We all want our kids to have friends, but when your child is an empath it can be supremely frustrating trying to help them understand what a good friend is. I have at times just wished my family lived in an isolated log cabin in the wilderness where we never had to encounter other people, but well, that isn’t really the best approach. So honestly, this one is really difficult. As a parent to an empath, you will more than likely have times where you feel uber-frustrated as you try to help your empathic child learn how to navigate their relationships with peers and friends in a healthy way. This is true of course for all children, but as a parent to an empath, friendships reach a whole new level of tricky.
Good, Better, and Best Friends
Empaths can be introverted and extroverted. I have both kinds in my family, but in general, an empathic child is literally drawn like a beacon to the strongest emotions in a room, and we all know that sometimes the strongest emotions in a room, aren’t always the best ones to use as a deciding factor when you are picking a bestie. Young empaths don’t always understand this.

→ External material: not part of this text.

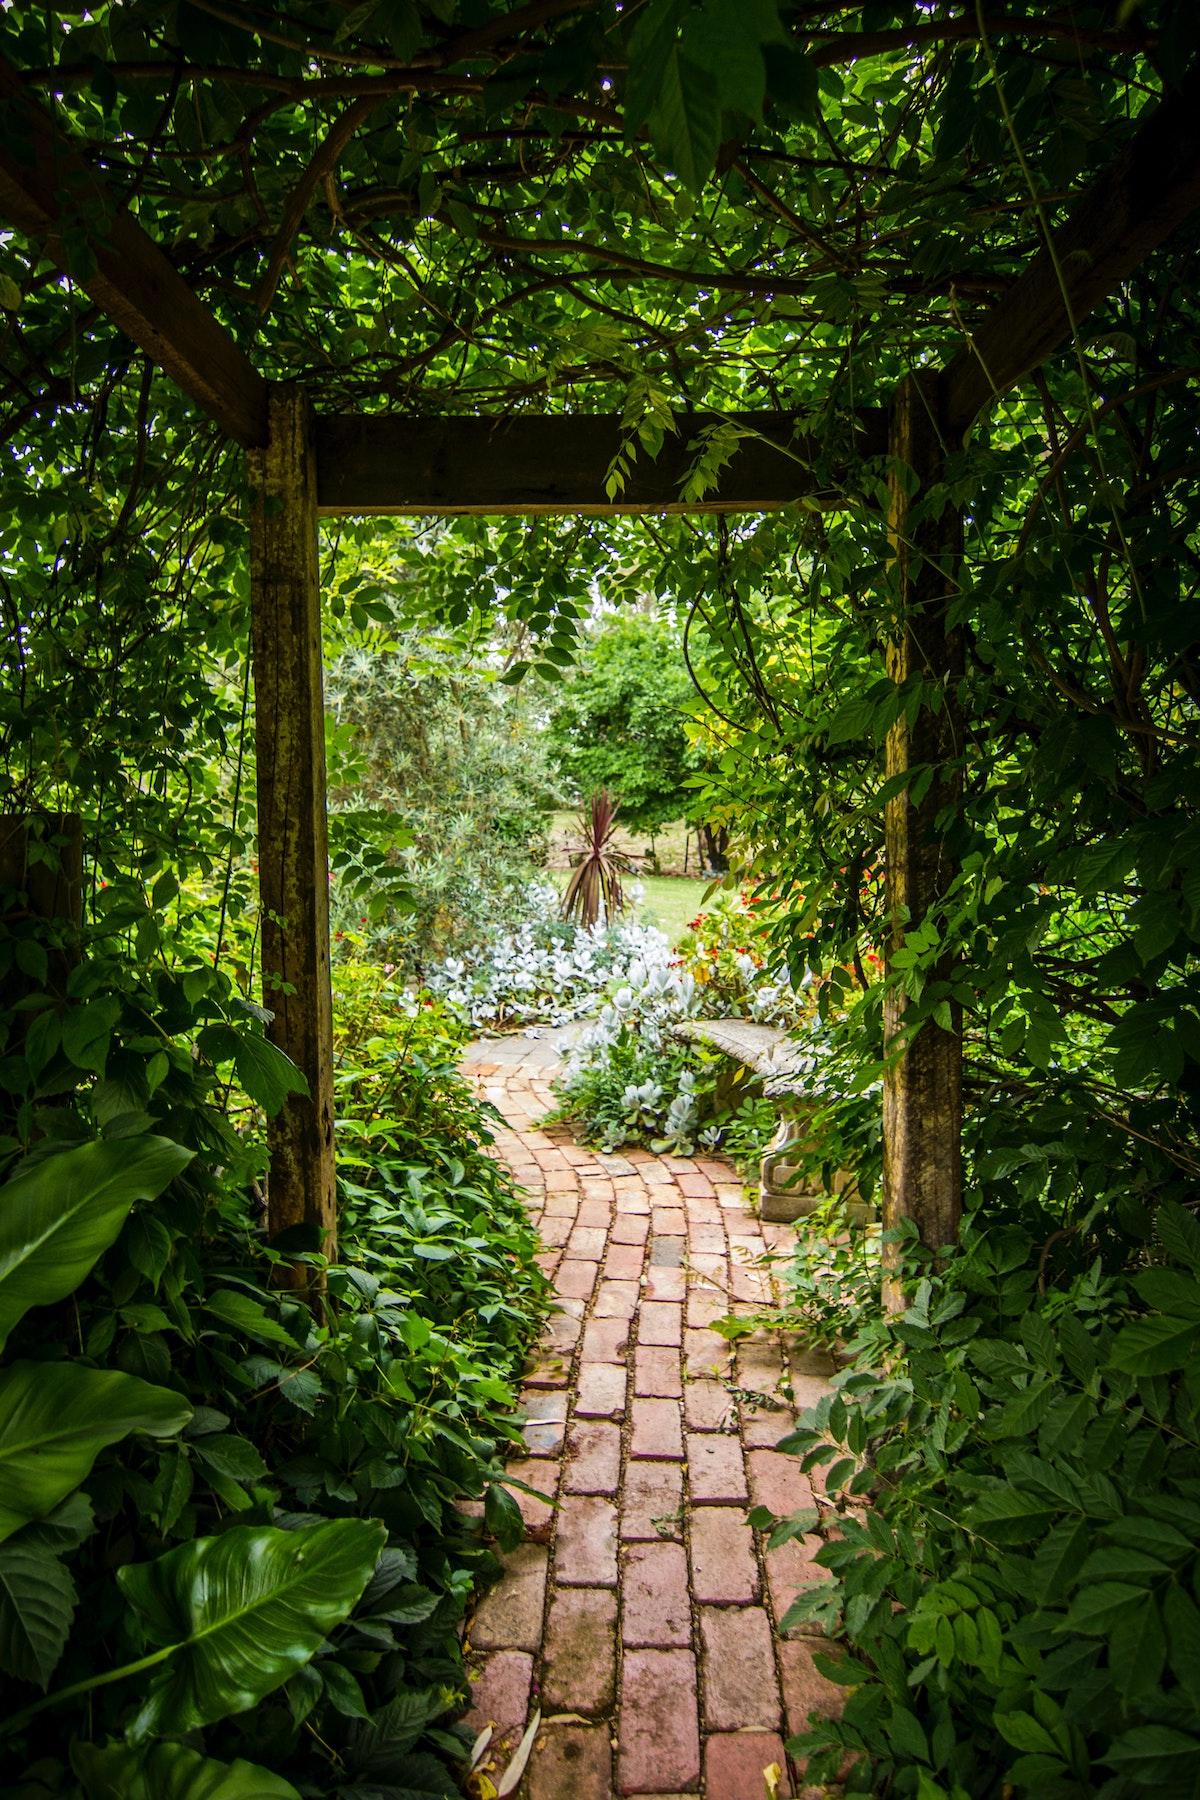 Aménager un jardin anglaise fleur chemin brique rouge - blog décoration - clem around the corner

One of the most challenging things I have found is teaching my children the concept that there are good, better, and best types of friends. And then there are some friends you should steer clear of altogether. Since empaths are so drawn to emotions, they have a hard time sometimes feeling their own emotions. It can kind of be much like a wet blanket that gets literally thrown on their own emotions and they get confused about whether what they are feeling is really their own thing or someone else’s feelings.
As a parent, if we help our child to understand that the best type of friends are the ones who make their heart happy, and don’t feel like an obligation, then that is the most helpful thing we can do for them.
Energy Vampires and The Fix-It Mindset
Narcissists and energy vampires are also drawn to empaths. Now think about little children, quite often they can be pretty self-focused, and for many of us as we grow up, we learn to care for others and, not just ourselves, but for many little people, they are still in that mindset for quite a while. And for some young children, they just know that hanging around Sally makes them feel better, and quite often they treat Sally pretty badly. Sally keeps taking it though because as an empath they can feel the hurt in their friend and because their friend’s emotions are so strong, theirs can get trampled for a little bit.
As a parent to an empath, you might want to go and lay some whoop-down on Sally’s friend, but of course, that isn’t really the answer. The best solution is to help your empathic child understand that although they want to help “fix” Sally, they need to also make sure they are finding friends who make THEM happy.
They don’t always have to be the ones in the room working to make everyone else happy. Their happiness is important too. I always ask my children, “Does playing or hanging out with ____ make you happy?”
If the answer is no, then it is time for a new friend choice.
That is kind of a big concept to learn for an empath. You can’t force them into it, but you can help them to realize it for themselves.
They can’t fix everything. Nor should they try. If a friend requires a lot of “fixing” then maybe they aren’t the best kind of friend for them.
As an empath matures, they can sometimes find it hard to open themselves up to anyone. Love and friendship can be just as beautiful as it is painful. And a teen empath is such a hard stage. I know you are thinking being a teenager is hard anyways, but imagine if you could literally feel EVERYTHING every teenager around you was feeling physically and emotionally?! Ugh, you get it now right?
These teen empaths have been hurt by others, quite a lot already. They have already met narcissists at a young age and been mistreated by them, and they just don’t want to add any more hurt to themselves. So sometimes they can get lured in by the whole concept that isolating is the safest route. It is safe, I get it, but it won’t make them happy. Empaths are one of the groups of people who literally need other people.
They need to feel the joy, the kindness, and ultimately the human goodness that is out there. The isolationist mindset will lead to some sad days for an empath, so please try and help your child to avoid this path for too long. It can be pretty hard to work them out of it, but it’s worth it.
One way to help them is with those safe places I have talked about before. A safe place is a good place to start for a scared and hurting empath who needs to be able to find the courage to open themselves up again.
Hugs to you my fellow empath parents. Sometimes our job can feel overwhelming. We have been given charge for some very special spirits, and they will do amazing things. I have seen that too. So hang in there, and please don’t hesitate to reach out if you need someone to listen to what you are going through. I don’t have all the answers, but chances are I have experienced something similar to what you are going through.